GIVEN DATA:

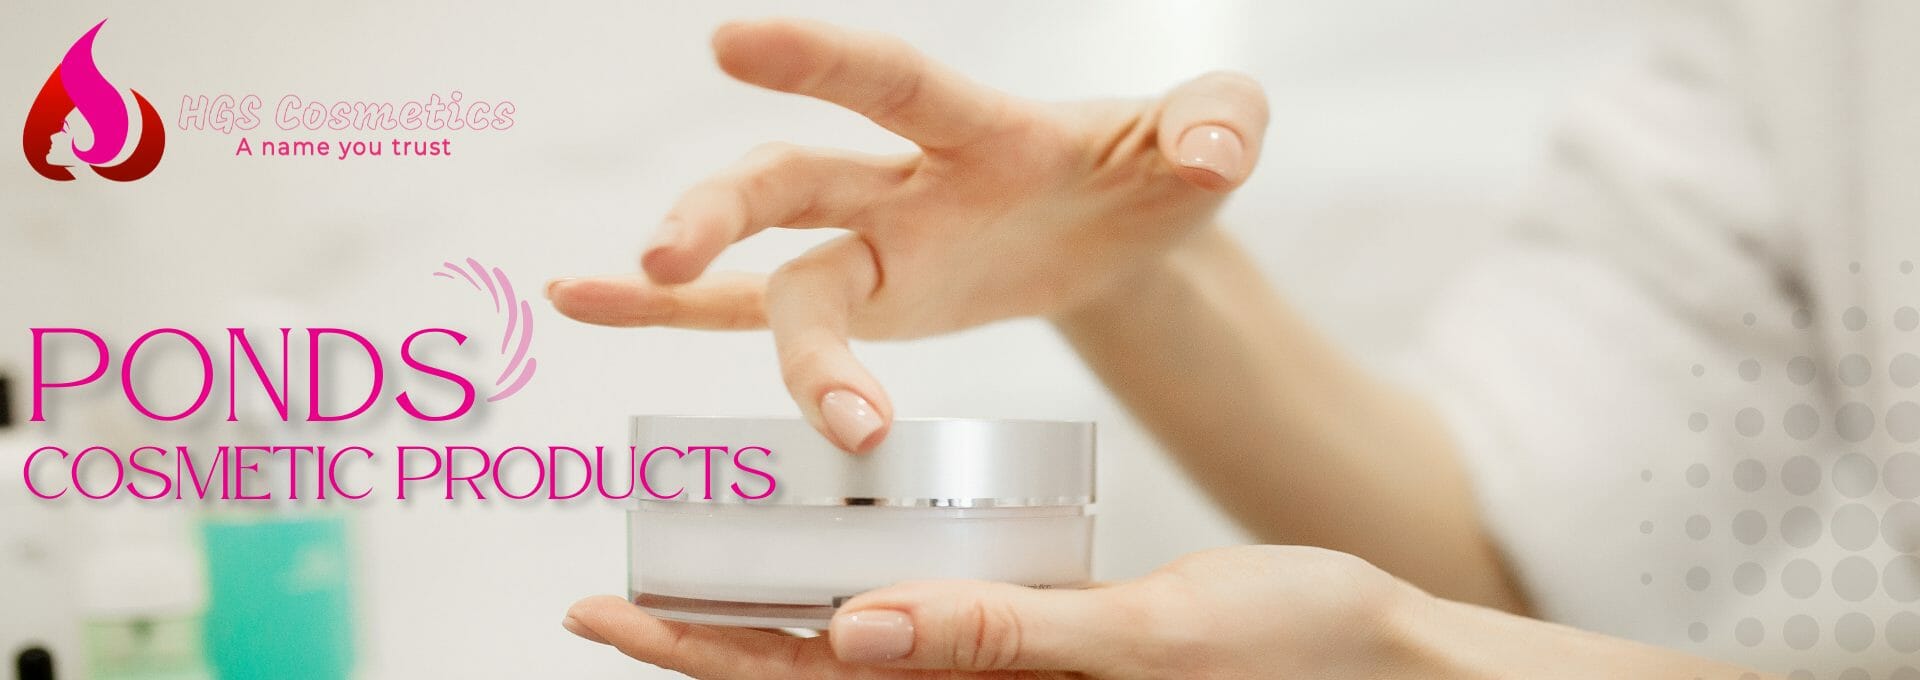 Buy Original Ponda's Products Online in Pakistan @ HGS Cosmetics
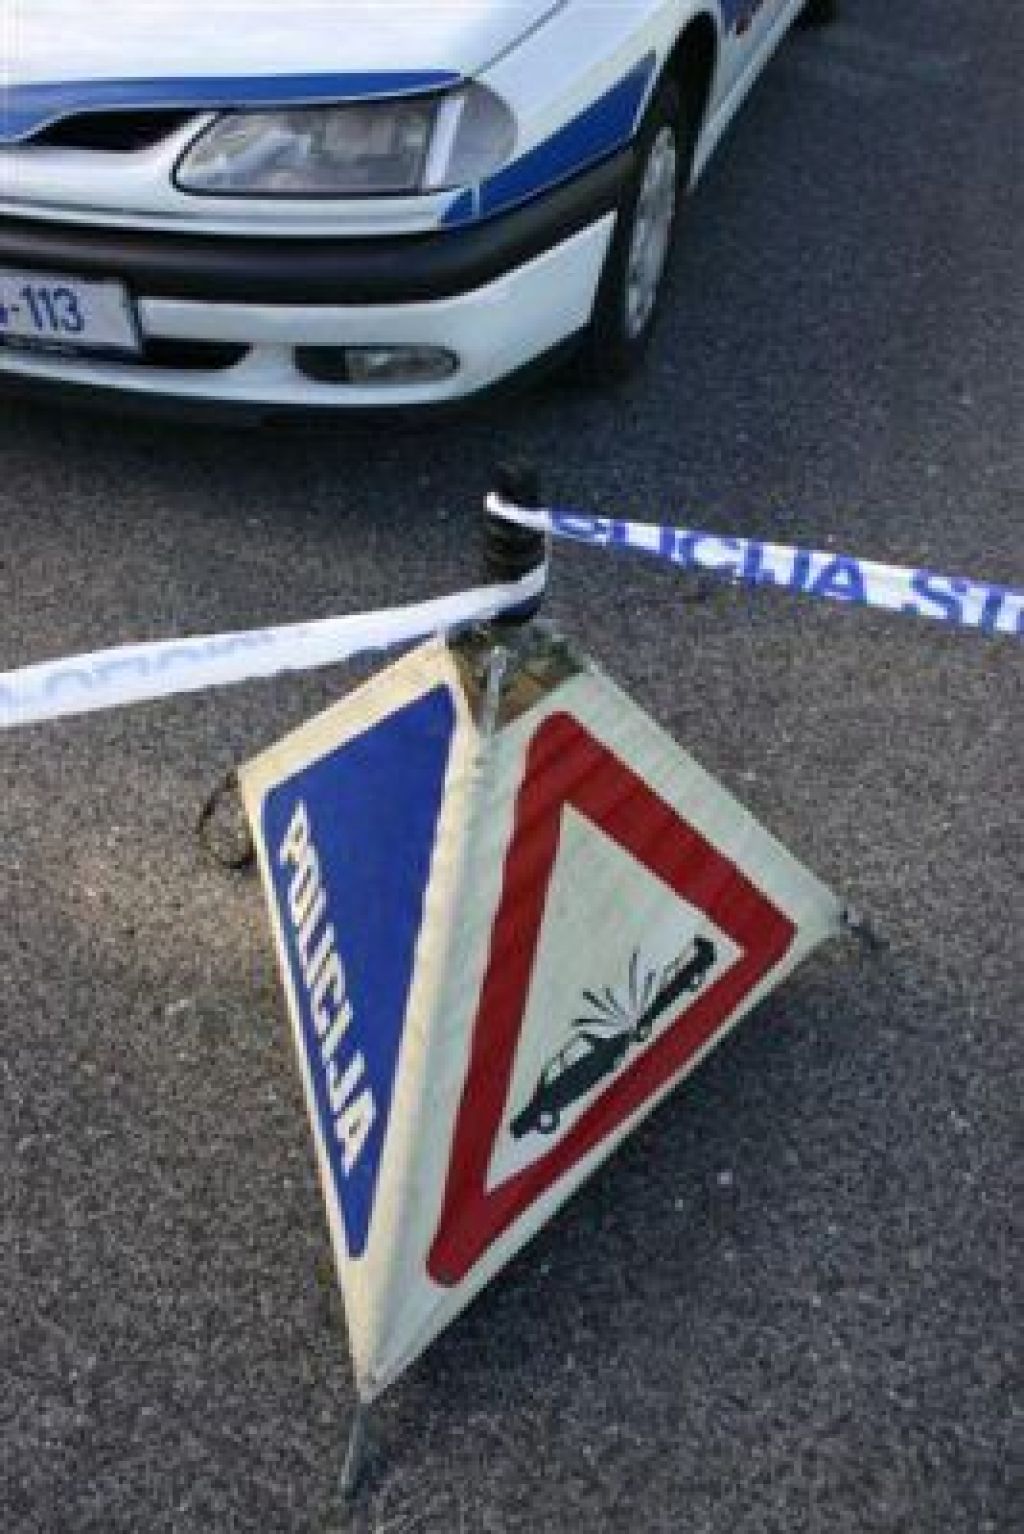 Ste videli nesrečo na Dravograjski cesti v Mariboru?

* * *

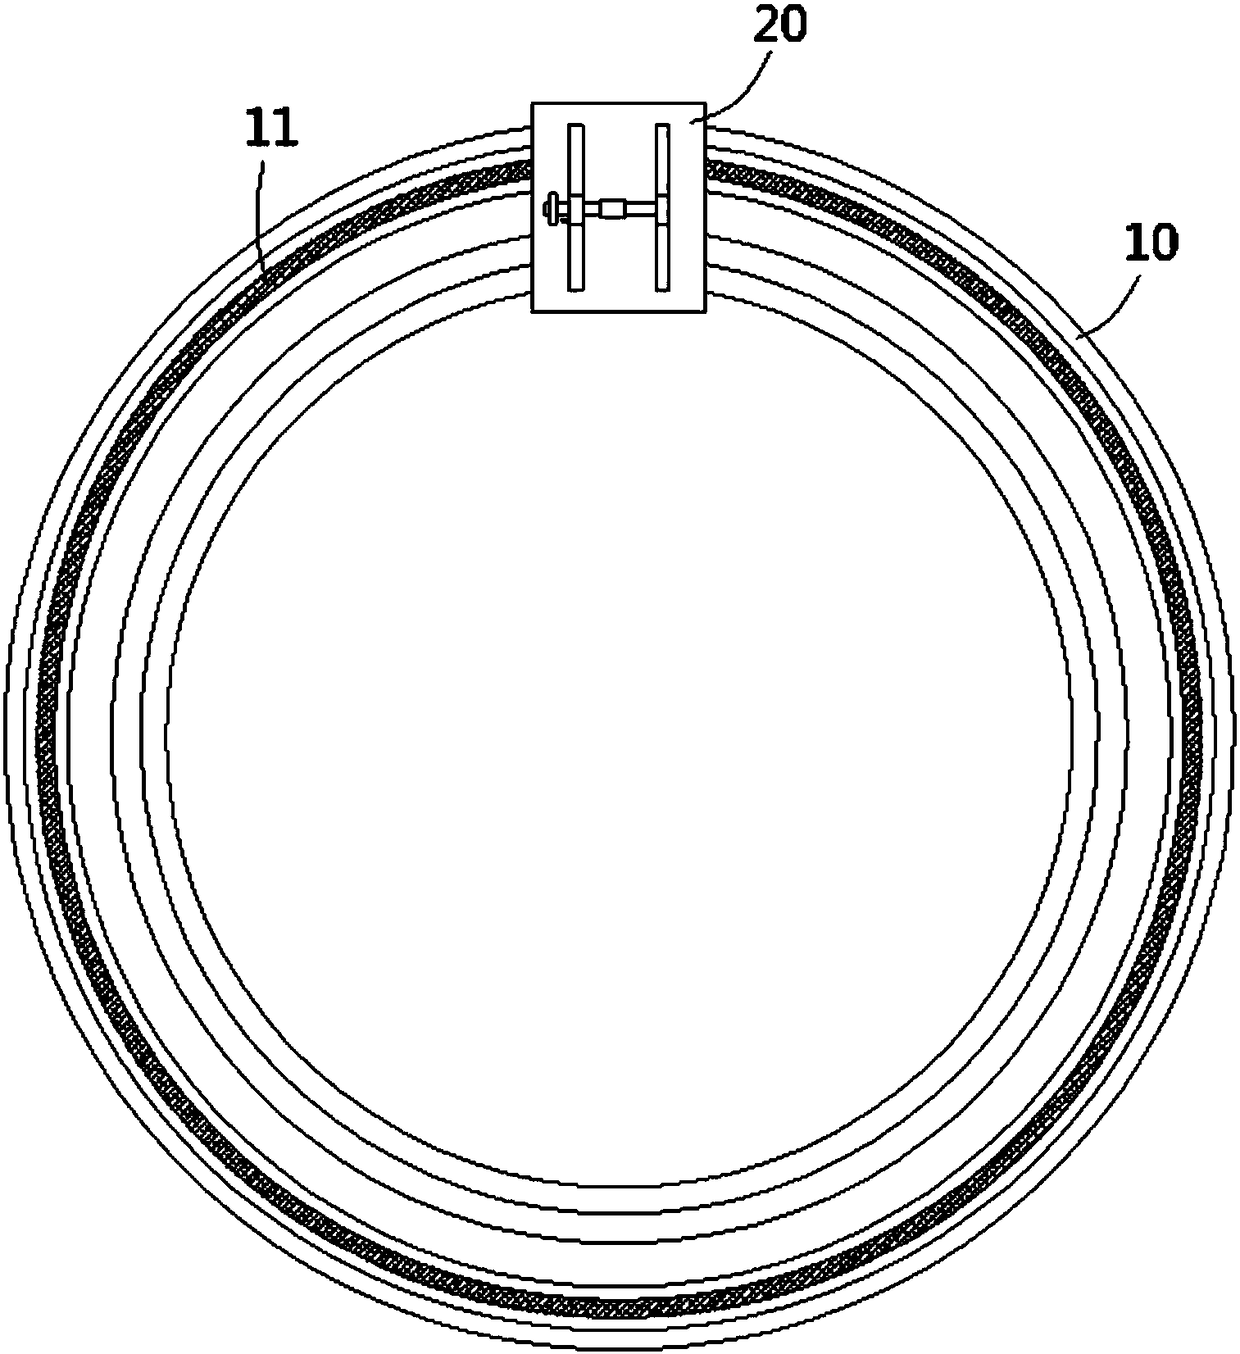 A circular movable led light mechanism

INSTRUCTIONS TO FOLLOW: Within the listing above, the lines starting at the one containing "Buy Original Ponda's" and ending at the one containing "Ste videli nesrečo" are to be returned exactly. Omit the pictures.

ANSWER FOR THE TASK:
 Buy Original Ponda's Products Online in Pakistan @ HGS Cosmetics
 Ste videli nesrečo na Dravograjski cesti v Mariboru?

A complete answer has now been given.